Let’s try with a smaller pages_per_range, for example:
CREATE INDEX brin_demo_brin_idx_16 ON brin_demo USING brin (c1) WITH (pages_per_range = 16);
EXPLAIN (ANALYZE,BUFFERS,VERBOSE) SELECT c1 FROM brin_demo WHERE c1> 10 AND c1<2000;
QUERY PLAN
-----------------------------------------------------------------------------------------------------------------------------------
Bitmap Heap Scan on public.brin_demo (cost=17.12..488.71 rows=500 width=4) (actual time=0.053..0.727 rows=1989 loops=1)
Output: c1
Recheck Cond: ((brin_demo.c1 > 10) AND (brin_demo.c1 < 2000))

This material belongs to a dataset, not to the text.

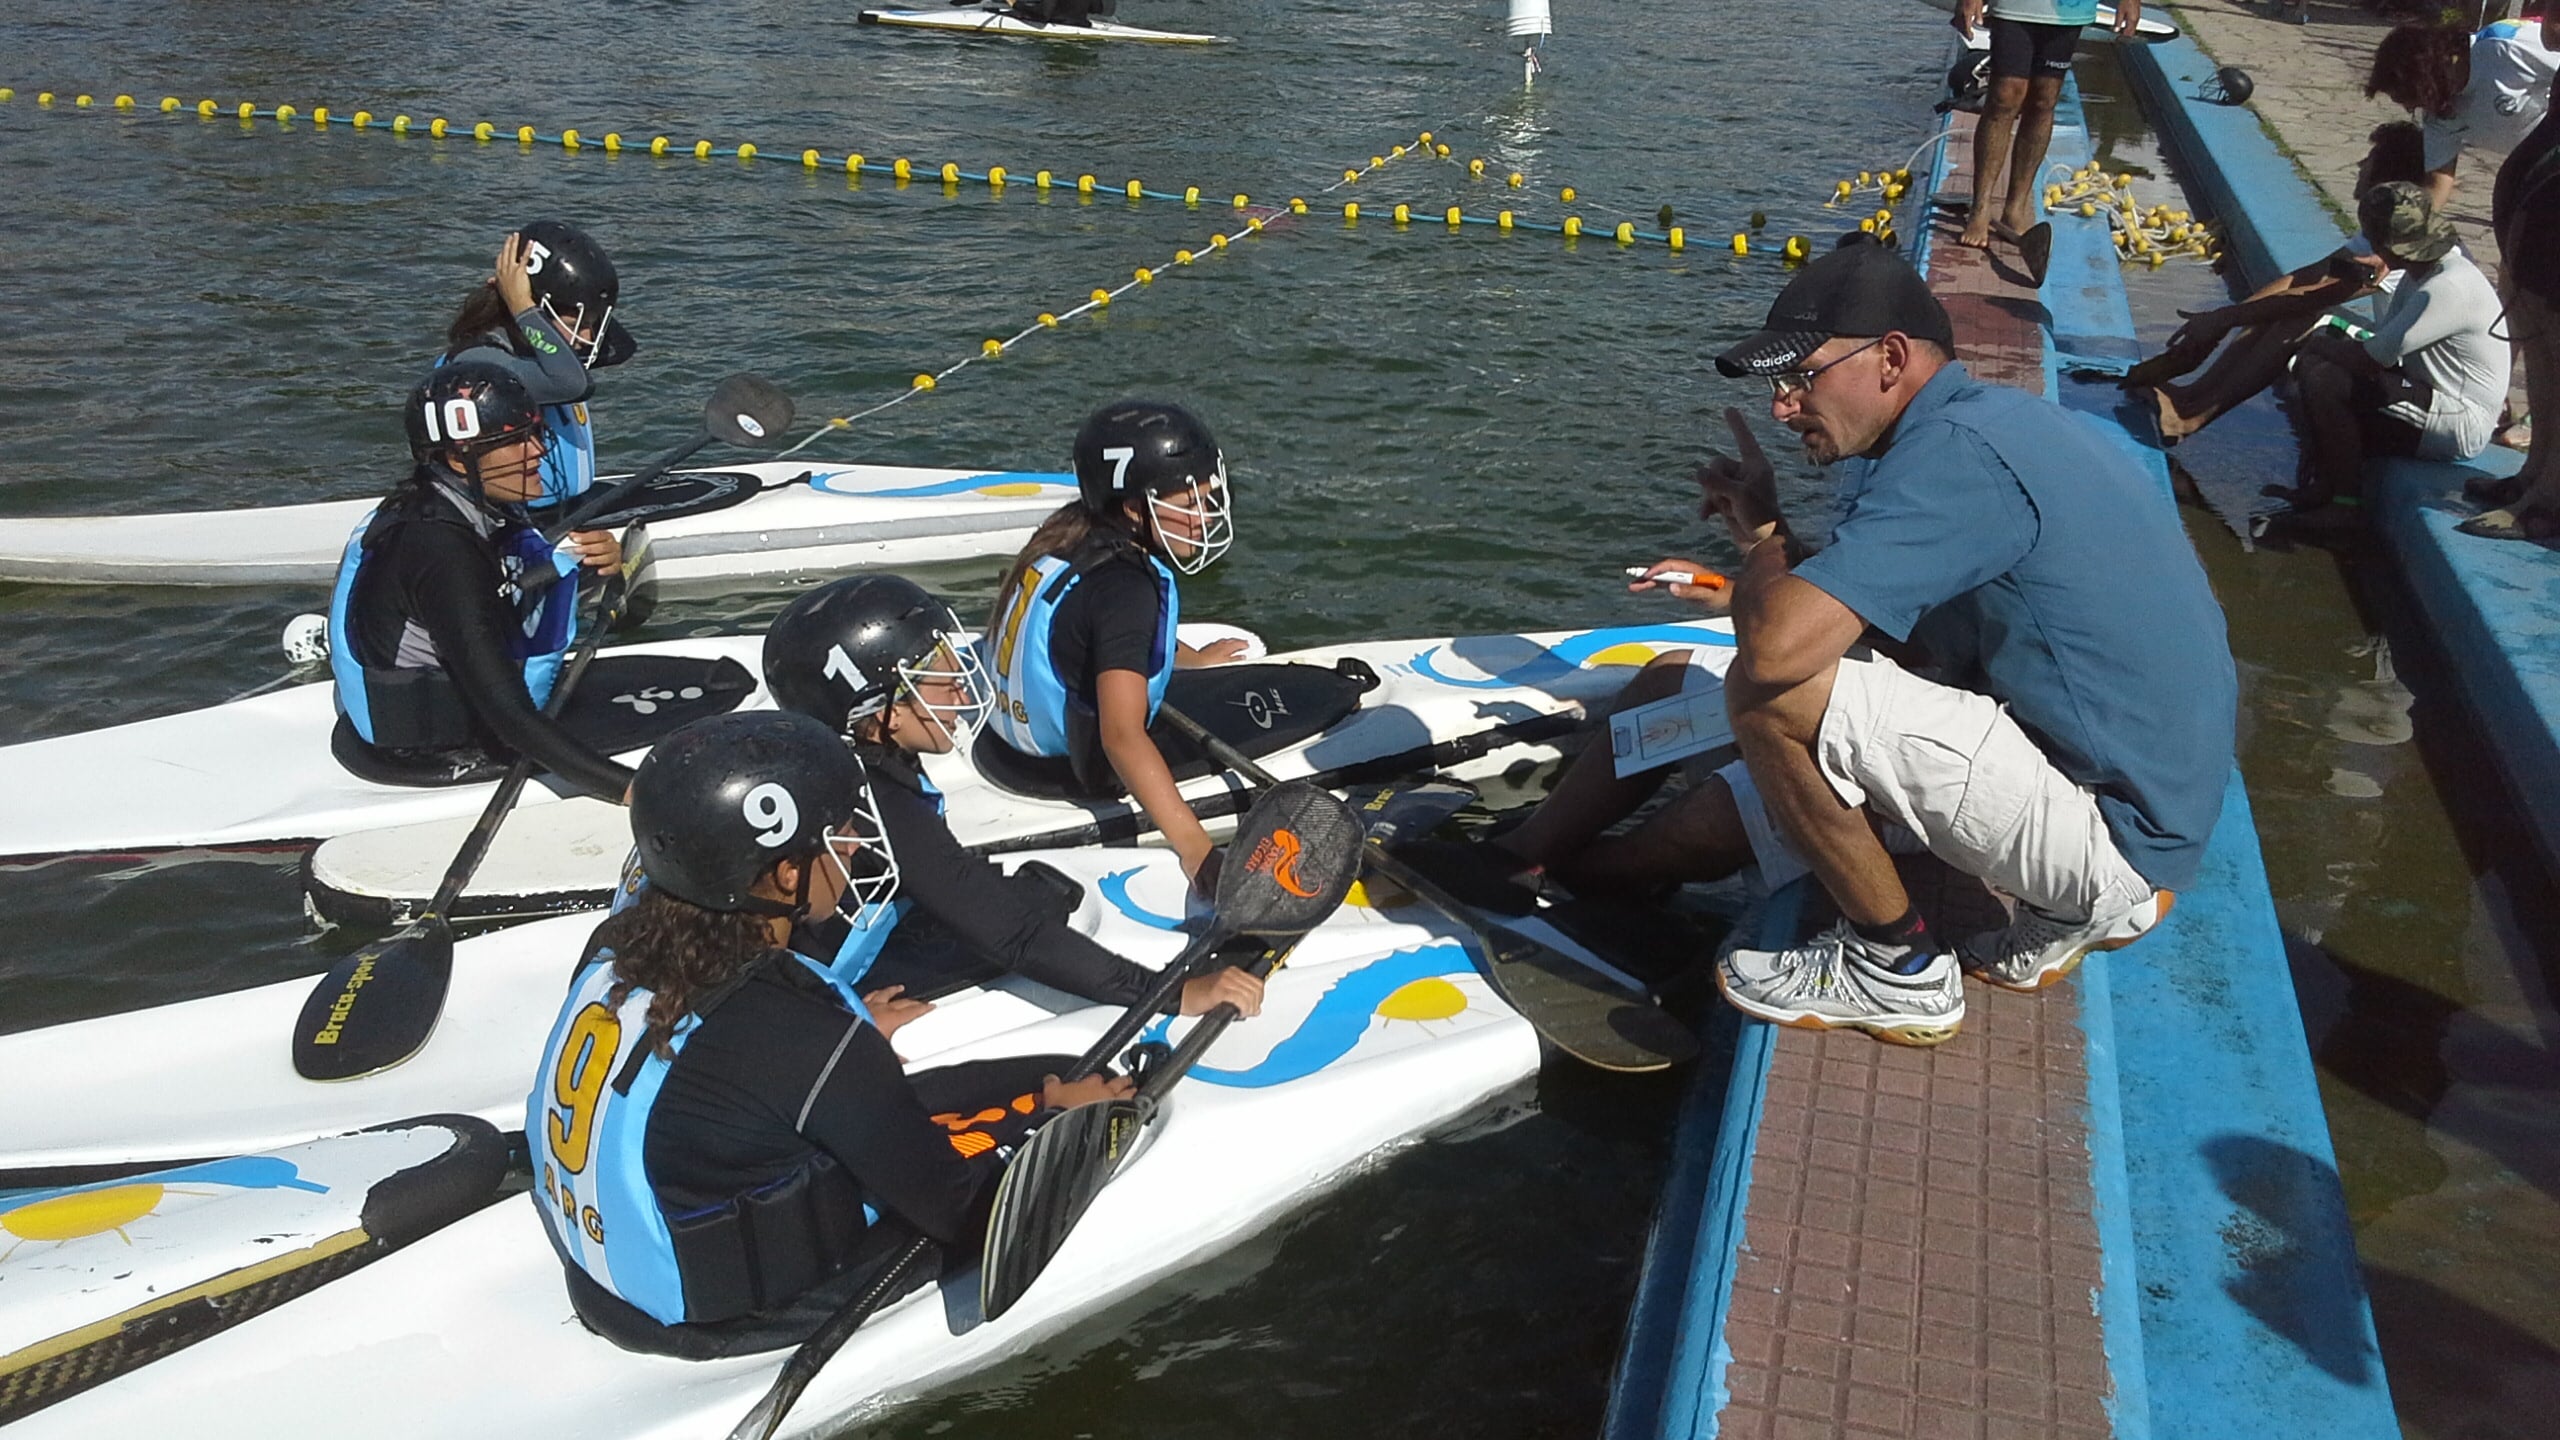 El Panamericano de Kayak Polo, se juega en nuestro país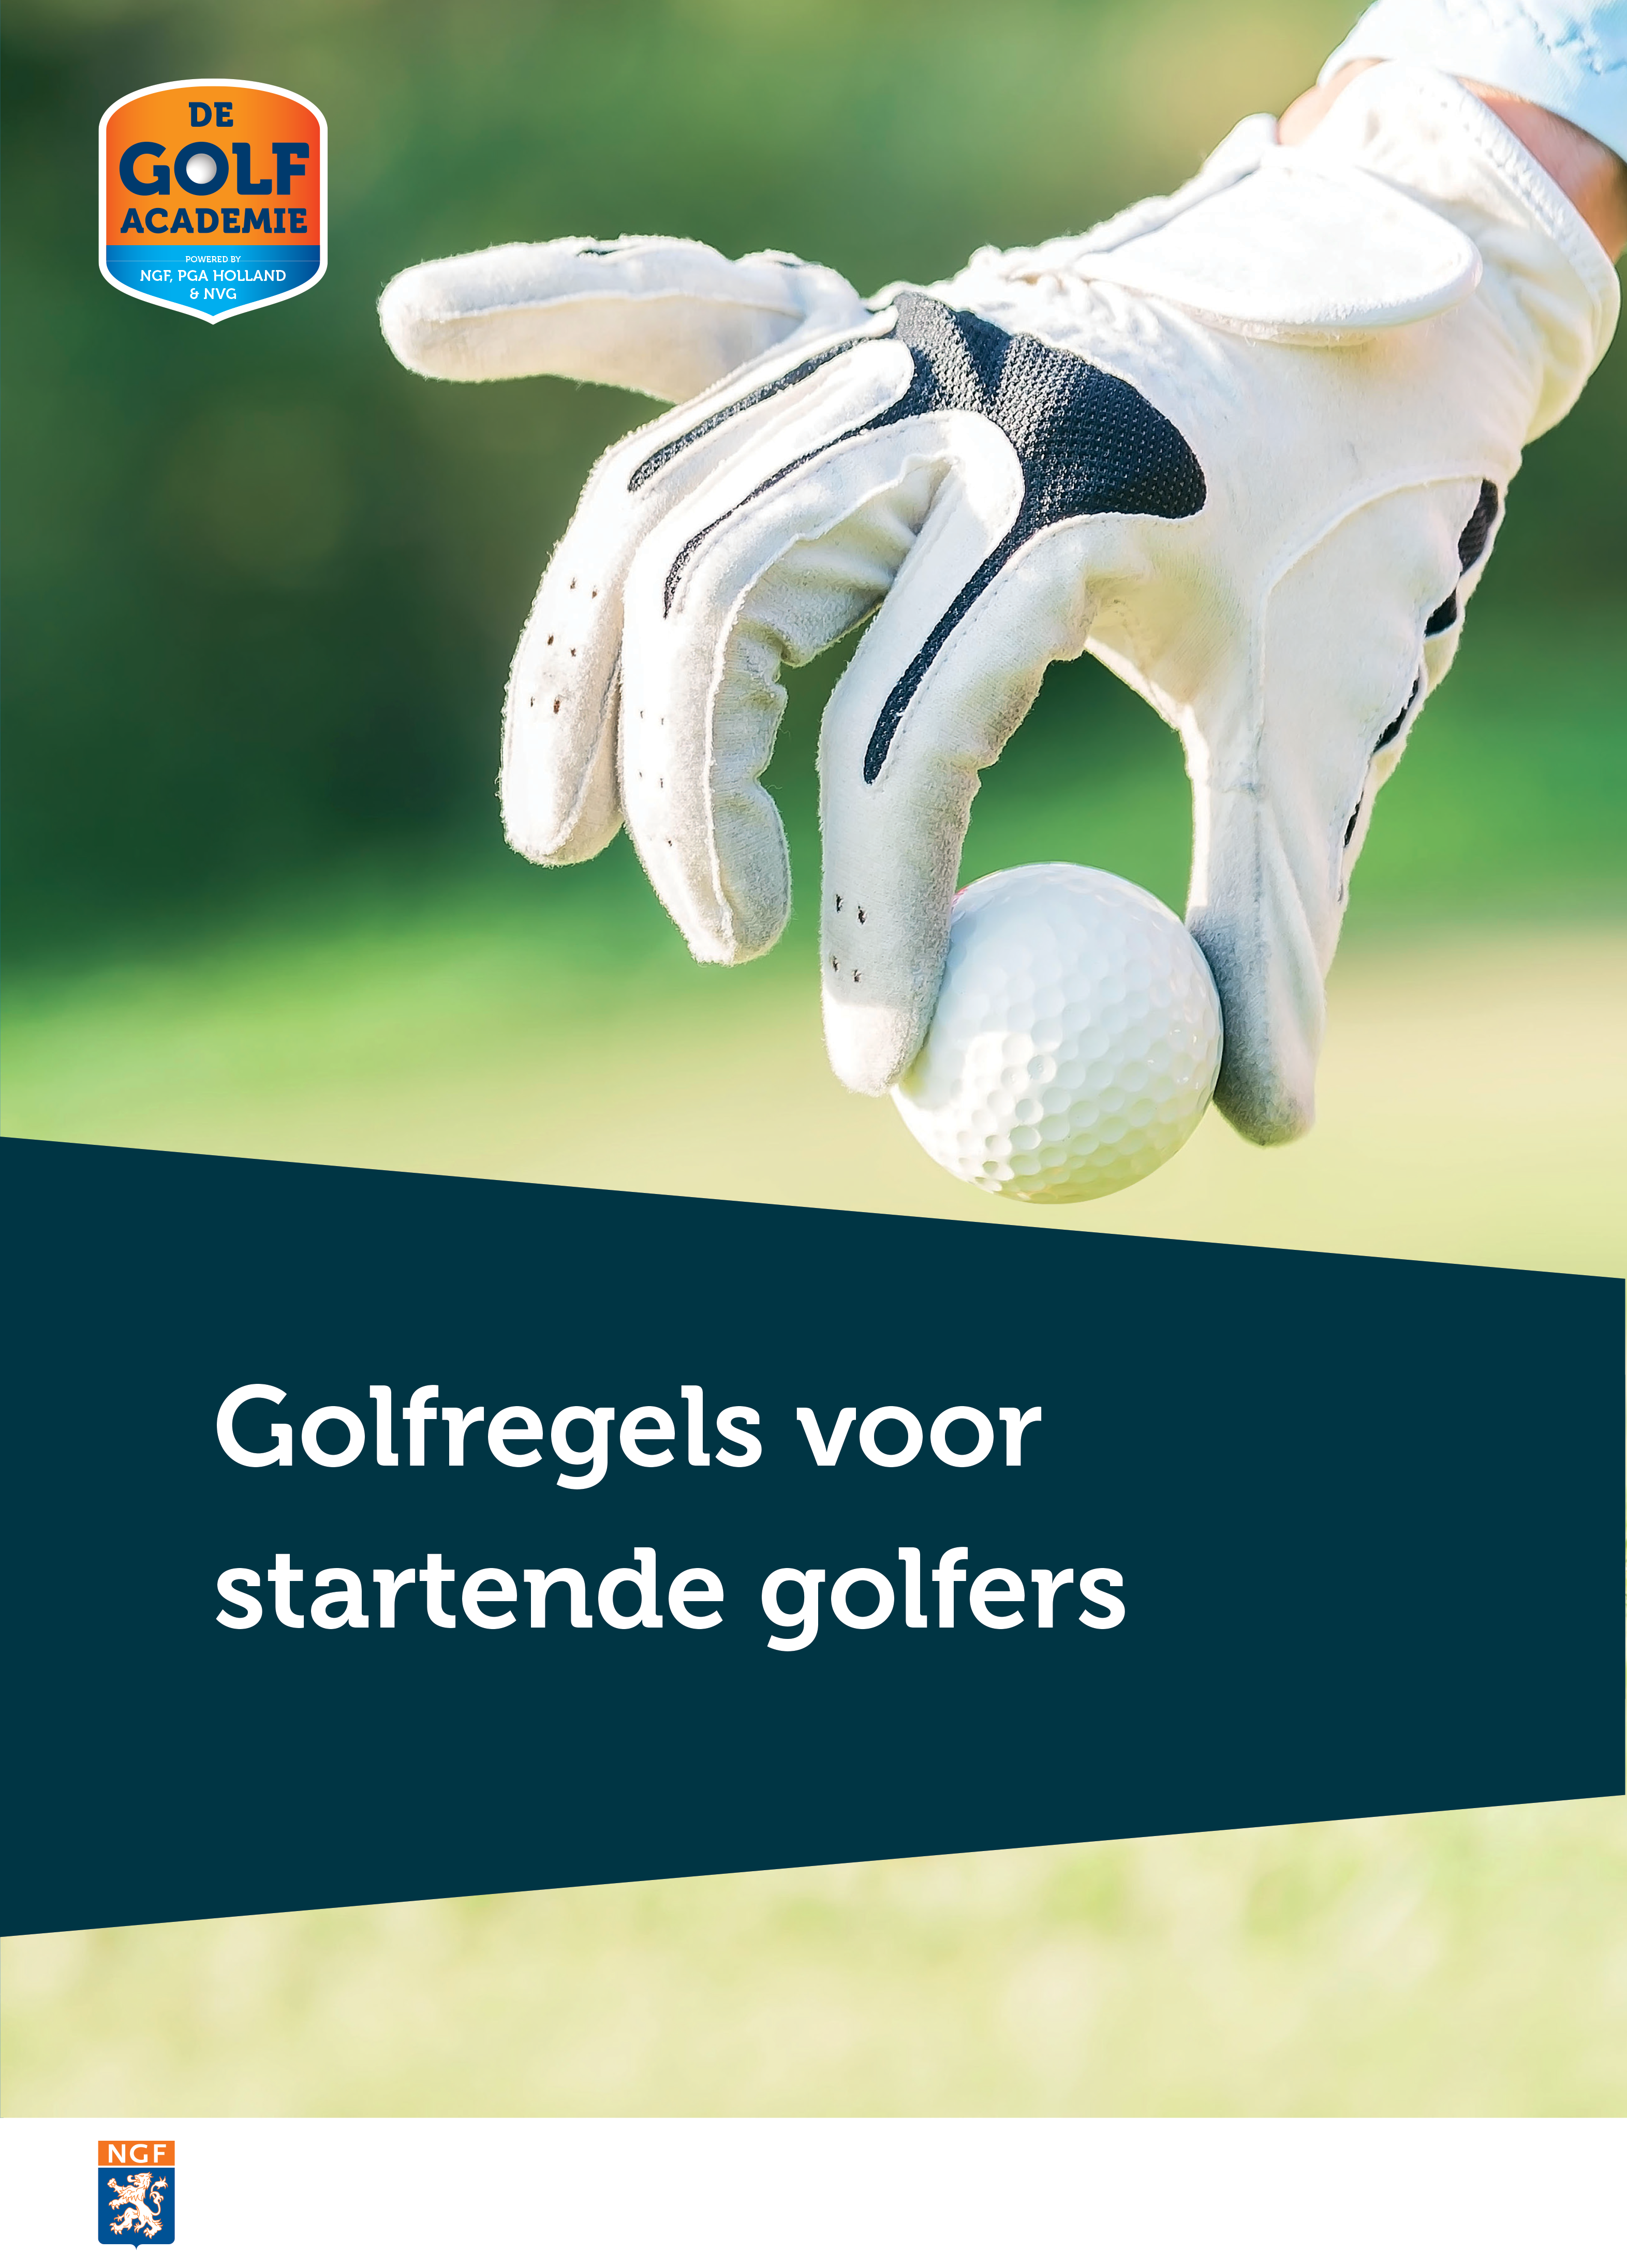 Golfregels voor startende golfers (NGF)

Rows Removed by Index Recheck: 1627
Heap Blocks: lossy=16
Buffers: shared hit=18
-> Bitmap Index Scan on brin_demo_brin_idx_16 (cost=0.00..17.00 rows=500 width=0) (actual time=0.033..0.033 rows=160 loops=1)
Index Cond: ((brin_demo.c1 > 10) AND (brin_demo.c1 < 2000))
Buffers: shared hit=2
Planning time: 0.114 ms
Execution time: 0.852 ms
Again Postgres reads 2 blocks from the index, however it will only read 16 blocks from the table.
An index with a smaller pages_per_range will be more selective and will allow you to read fewer blocks.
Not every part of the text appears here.